Who’d saved herself by betraying someone else. Ruth. Who’d been forced to face a terrible truth. She was a coward.

She’d have turned in the Jews hiding in her attic.

She’d have named names to McCarthy.

She’d have pointed out heretics to the Inquisition, to avoid the flames and save herself.

And she’d almost certainly have looked at the crosses on a distant hill and whispered “Gethsemane” into a Roman ear.

And then she’d have sat down and wept.

*   *   *

“No, I didn’t go to Jane’s,” said Ruth. “I was too ashamed. I needed to be by myself.”

“So you stayed here?” Jean-Guy asked. “You drew the curtains and locked the door and stayed in your home.”

“At first.”

“And then?”

“My God,” said Monsieur Béliveau to Ruth. “He must’ve seen.”

“Seen what?” Jean-Guy demanded.

*   *   *

Gamache’s eyes moved on, swiftly now. Up the hill. Past the old schoolhouse.
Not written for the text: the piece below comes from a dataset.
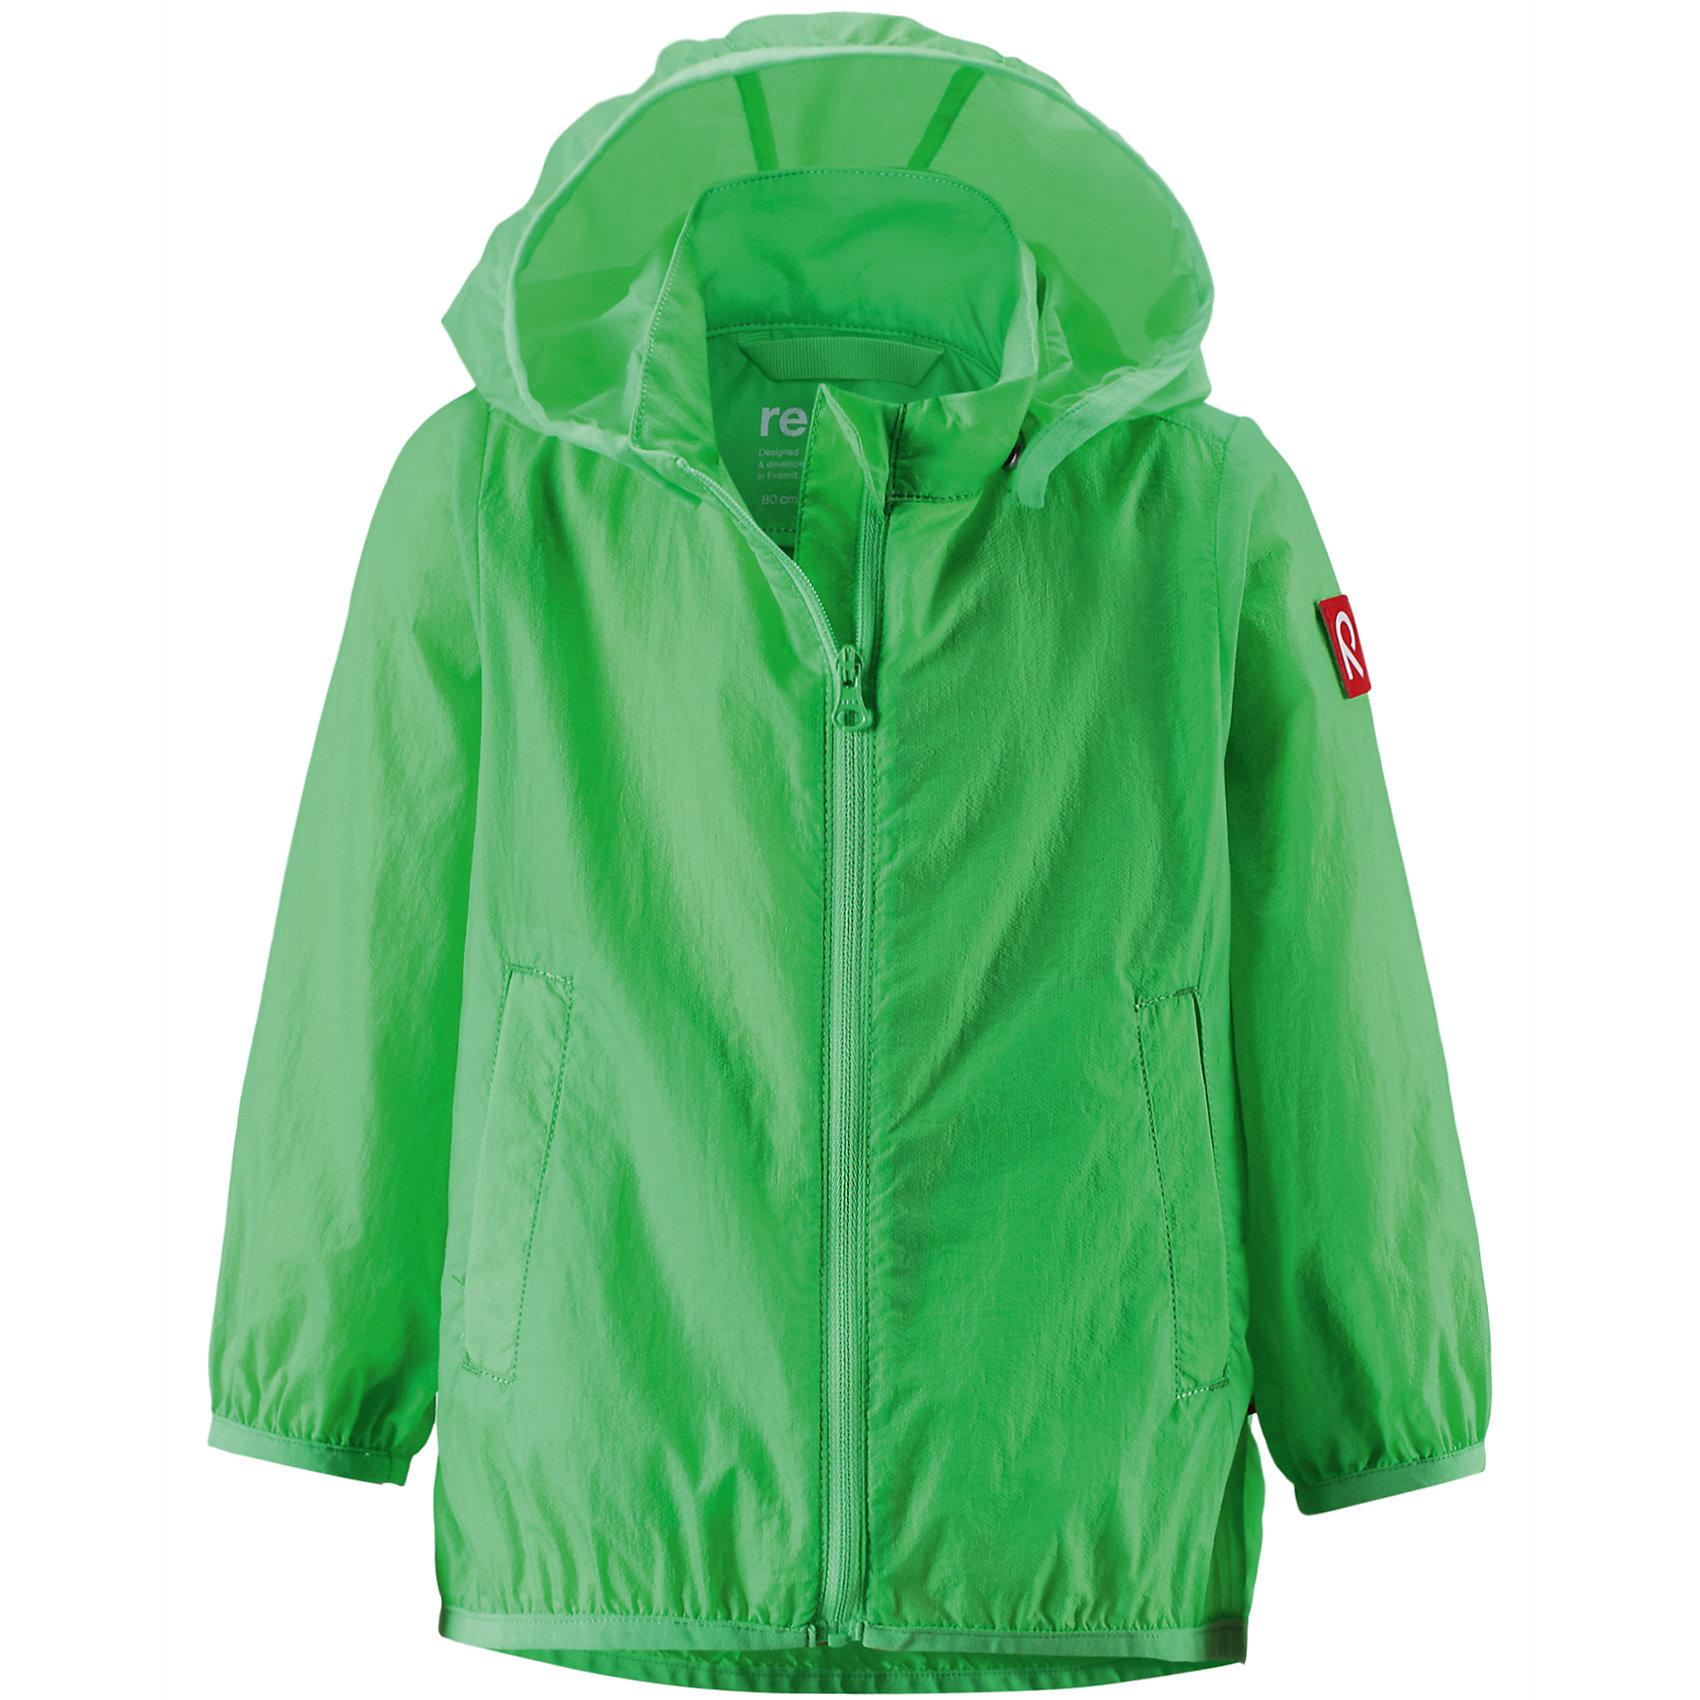 Куртка ReimaОдежда<br>Куртка Reima (Рейма), зеленый от известного финского производителя  детской одежды Reima. Куртка-ветровка выполнена из полиамида, который обладает высокой износоустойчивостью, воздухопроницаемыми, водооталкивающими и грязеотталкивающими свойствами. Изделие устойчиво к изменению формы и цвета даже при длительном использовании. Куртка имеет классическую форму: прямой силуэт с чуть присборенным эластичным кантом низом, кант повторяется на рукавах и капюшоне, воротник-стойка, застежка-молния с защитой у подбородка и 2 боковых прорезных кармана. Куртка имеет полиуретановое покрытие, что делает ее непромокаемой даже в дождливую погоду. Куртка идеально подходит для весенних и осенних прогулок.<br><br>Дополнительная информация:<br><br>- Предназначение: повседневная одежда для прогулок и активного отдыха<br>- Цвет: зеленый<br>- Пол: для мальчика<br>- Состав: 100% полиамид, полиуретановое покрытие<br>- Сезон: весна-осень (демисезонная)<br>- Особенности ухода: стирать изделие, предварительно вывернув его на левую сторону, не использовать отбеливающие вещества<br><br>Подробнее:<br><br>• Для детей в возрасте: от 2 лет и до 3 лет<br>• Страна производитель: Китай<br>• Торговый бренд: Reima, Финляндия<br><br>Куртку Reima (Рейма), зеленый можно купить в нашем интернет-магазине.<br><br>Ширина мм: 356<br>Глубина мм: 10<br>Высота мм: 245<br>Вес г: 519<br>Возраст от месяцев: 12<br>Возраст до месяцев: 18<br>Пол: Унисекс<br>Возраст: Детский<br>Размер: 86,98,92<br>SKU: 4863932

And then his gaze stopped. And Armand Gamache started walking. Then running.

*   *   *

“The church,” said Beauvoir. “You went to St. Thomas’s. That’s what Fleming saw.”

He ran out of Ruth’s home. Gamache was already at the bottom of the wide wooden stairs. He took them two at a time. Beauvoir got there just as Gamache yanked open the large door to the small church.

“Where do you find milk?” Gamache asked, turning around only briefly to speak to Beauvoir.

“A church,” said Jean-Guy. “The milk in the play isn’t literal.”

“It’s a metaphor. For kindness and healing.”

Gamache was scanning the rows of wooden pews, the simple altar, the unadorned walls. More a chapel than a church.

“And forgiveness,” said Beauvoir. “You don’t find it in a hardware store, but you might find it here. Ruth came to St. Thomas’s after betraying Al Lepage. To pray for forgiveness. Looking for milk.”

“John Fleming was a churchgoing man. Enjoying his relationship with a God he mocked and taunted,” said Gamache. “He either followed her or had come here himself, for a moment of gloating, knowing what he’d done to her.”

They heard movement behind them as Ruth and Monsieur Béliveau arrived.

“Where did you sit?” Gamache asked her.